The first step in any ESOP transaction should be a feasibility study, which looks at things like financing options, the impact of additional debt on the company and its cash flow going forward, plan structuring alternatives, tax issues, and the impact of being either a C corporation or S corporation. This study typically costs from $10,000 to $20,000.
Assuming that the feasibility study produces good results, an independent trustee should be retained to represent the ESOP and its participants in the transaction. The trustee’s fee is typically in the $20,000 to $30,000 range. The trustee will also want to retain a valuation professional to determine the fair market value of the shares that will be purchased by the ESOP, along with a fairness opinion for the trustee stating that the overall transaction is fair to the ESOP and its participants. The cost of the valuation professional will be about $20,000 to $25,000. The trustee will also likely hire an attorney to review the stock purchase documentation, adding another $15,000 to $20,000.

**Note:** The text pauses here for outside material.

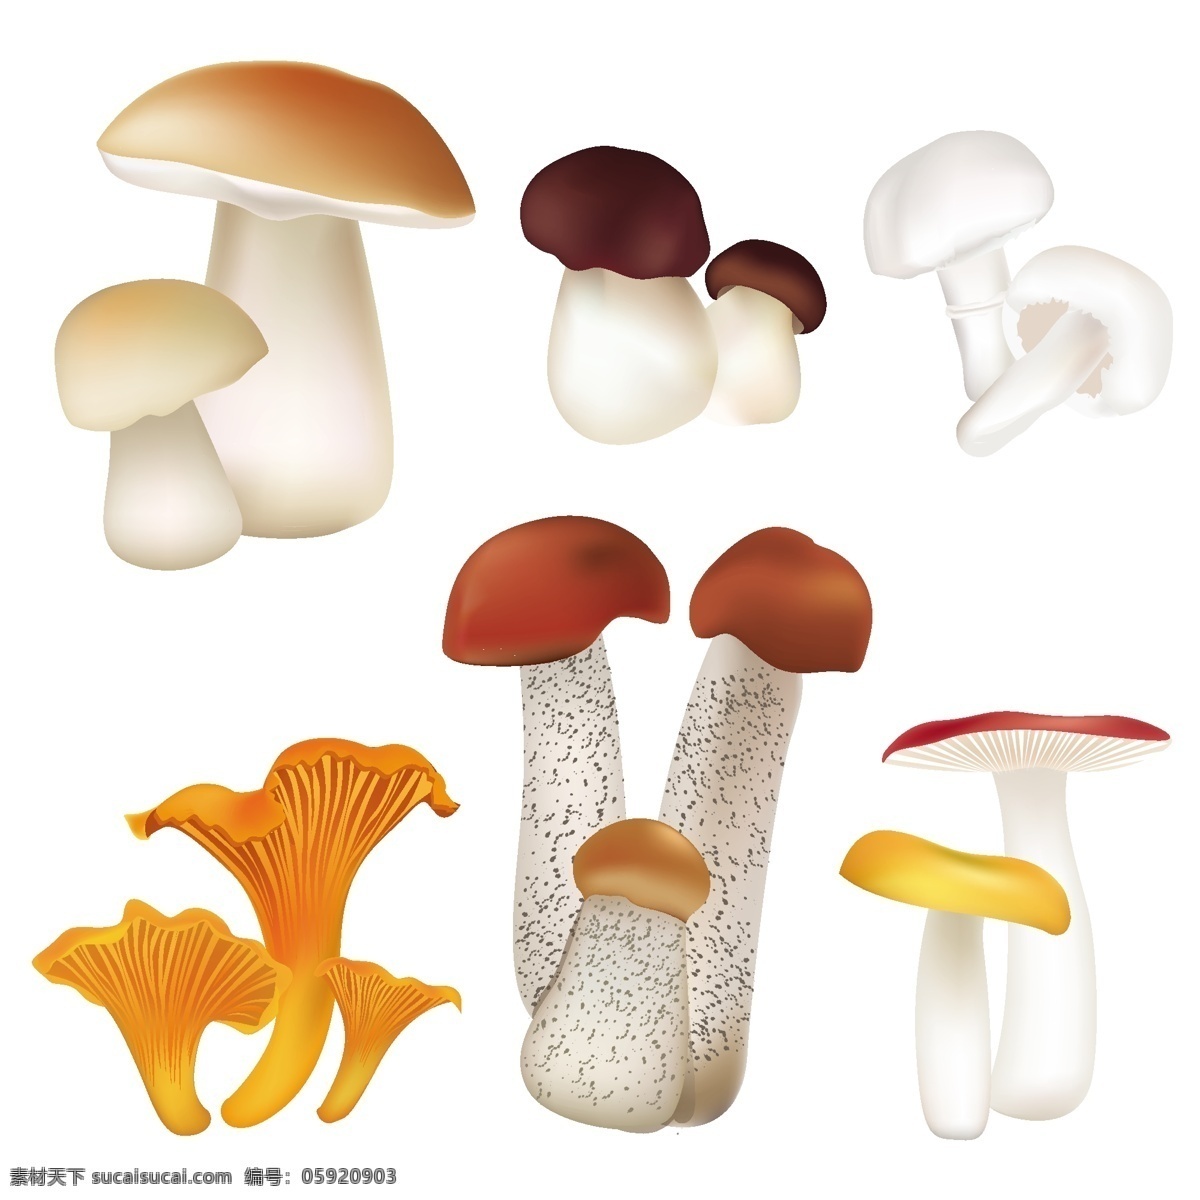 矢量 蘑菇 模板下载 菌类生物 食物 蔬菜水果 生物世界 餐饮美食 生活百科 矢量素材 白色

The company will need an attorney to prepare any corporate documentation necessary for the company to adopt the ESOP, the ESOP transaction documentation, along with the ESOP plan and trust and participant communications. If bank financing will be obtained, the attorney will also need to review the loan documentation. The cost of a good ESOP attorney for all of this is usually about $40,000 to $50,000, although it may be less if bank financing isn’t used.
Bank fees to initiate the loan being made to the company will also need to be paid, and while those normally depend on the size of the loan, but something in the $25,000 range is fairly typical for most ESOP transactions. Fortunately, there is a good amount of competition among banks for ESOP loans, which can help reduce these fees. The fee for the bank’s attorney will normally be anywhere from $15,000 to $25,000.
Finally, a selling shareholder may want to hire a financial advisor to help assess investment options for their proceeds, especially if they are looking to defer capital gains taxes through Code Section 1042. Fees in the range of about 1% of invested assets are common.
Those costs can add up, but there is one major difference between an ESOP sale and an outside sale, which is that in an outside sale, the owner is usually hiring a business broker or investment banker to find a buyer and guide it through the transaction. Their fees, including “success fees” based on the final transaction price, can eat up a good portion of the proceeds – in many cases, at least 5%. So on a $10 million sale, the broker/investment banker gets $500,000 (or more), and the owner also still has to pay for many of the same costs that are required for an ESOP transaction, including attorneys, a valuation advisor, CPAs, and other advisors. So in the end, the sale to the ESOP may be less expensive than an outside sale, and it’s almost certainly going to be less complex because the trustee’s due diligence process will be much less adversarial than that of an outside buyer.